Now the project can create behaviours based on the two sub-type interfaces and can still store a heterogeneous set of accessors into a homogeneous list using IRemoteDataAccessor.

IRemoteDataAccessor[] accessors = {
    new SomeResource(),
    new SomeResourceCollection()
};

Everything works just fine until the project needs to do something with those accessors. With no behaviour defined on IRemoteDataAccessor the compiler can do nothing to help you utilize the instances stored in the array and you must resort to down-casting and if-statements to achieve anything. The project becomes littered with code similar to the following example, which attempts to extract all the data out of the accessors2.

var elements = new List<object>();
foreach (IRemoteDataAccessor accessor in accessors)
{
    if (accessor is IResourceDataAccessor<object> d)
    {
        elements.Append(d.Data);
    }
    else if (accessor is IResourceCollectionDataAccessor<object> d)
    {
        elements.AddRange(d.Data);
    }
    else
    {
        throw new Exception("Unexpected data accessor type");
    }
}

This code is not type-safe and that else-block is a time-bomb waiting to explode; anybody can create a new accessor, add it to the list, and this code would have no idea what to do about it because IRemoteDataAccessor has no behavioural definition.

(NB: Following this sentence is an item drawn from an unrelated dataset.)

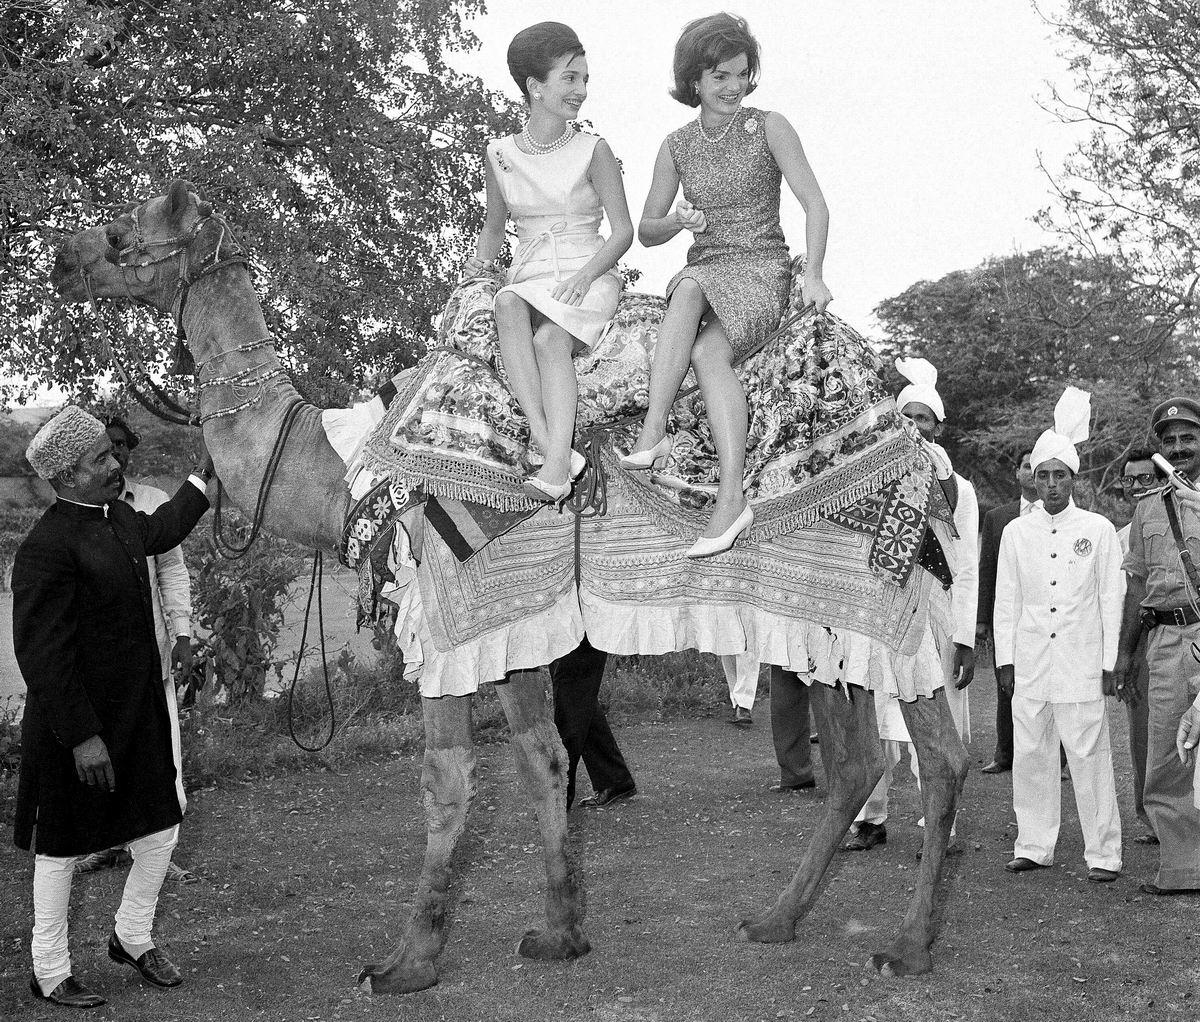 Настоящие леди предпочитают ездить на верблюдах: Жаклин Кеннеди со своей сестрой (1962 год)

All you can do with an instance of IRemoteDataAccessor is assign it to an object or safely down-cast it, to some other type.

Behavioural Refactoring

The sample above represents a structural archetype that occurs in projects where concrete functionality evolves over time without reevaluating the behaviours exposed by the project. It has very little to do with programmer ability and everything to do with deadlines, pressure, and all the other surrounding and confounding events of a professional software product. For many domains, the above solution works and is good enough to sell the product, but there are products where this kind of approach will not scale for customers.

The root of the problem is that the super-type has no behaviour, but the project needs behaviour to be available on collections of the super-type. Related sub-type interfaces provide behaviour for individual instances of a concept, in this case fetching a resource or a collection of a resource. In fact, this example is describing a third possibility: no resource at all. If the problem of “obitain 0, 1, or many instances of a resource” is modelled via existing abstractions, like IEnumerable<T>, then the behavioural definitions become much clearer.

interface IRemoteDataAccessor<TResource>
{
    IEnumerable<TResource> Data { get; }
}

This interface now has behaviour, still provides type-safety within collections, and causes the sub-type interfaces to vanish, since they can be expressed using the IEnumerable<T> API.

IRemoteDataAccessor<object>[] accessors = {
    new SomeResource(),
    new SomeResourceCollection()
};

With a stable data access API and behaviour attached to the interface there is little complexity to writing that extraction for-loop above.

var elements = new List<object>();
foreach (IRemoteDataAccessor<object> accessor in accessors)
{
    elements.AddRange(accessor.Data);
}

This code is resilient to newly created sub-types of IRemoteDataAccessor<T> and does not rely on down-casting to access specific functionality to fulfill its goal.

Avoid Super-Type Markers

It’s easy to tell someone to avoid these kinds of architectural structures, but much harder to do in practice. Keeping an eye out for this is easy, but the refactoring that is required could span a large amount of code. Still, I think it is a useful change to make to reduce code size and improve the abstraction semantics of a project.

Of course, there are legitimate use-cases for marker interfaces, but these are generally restricted to component-oriented architectures where querying a set of assigned components is necessary3.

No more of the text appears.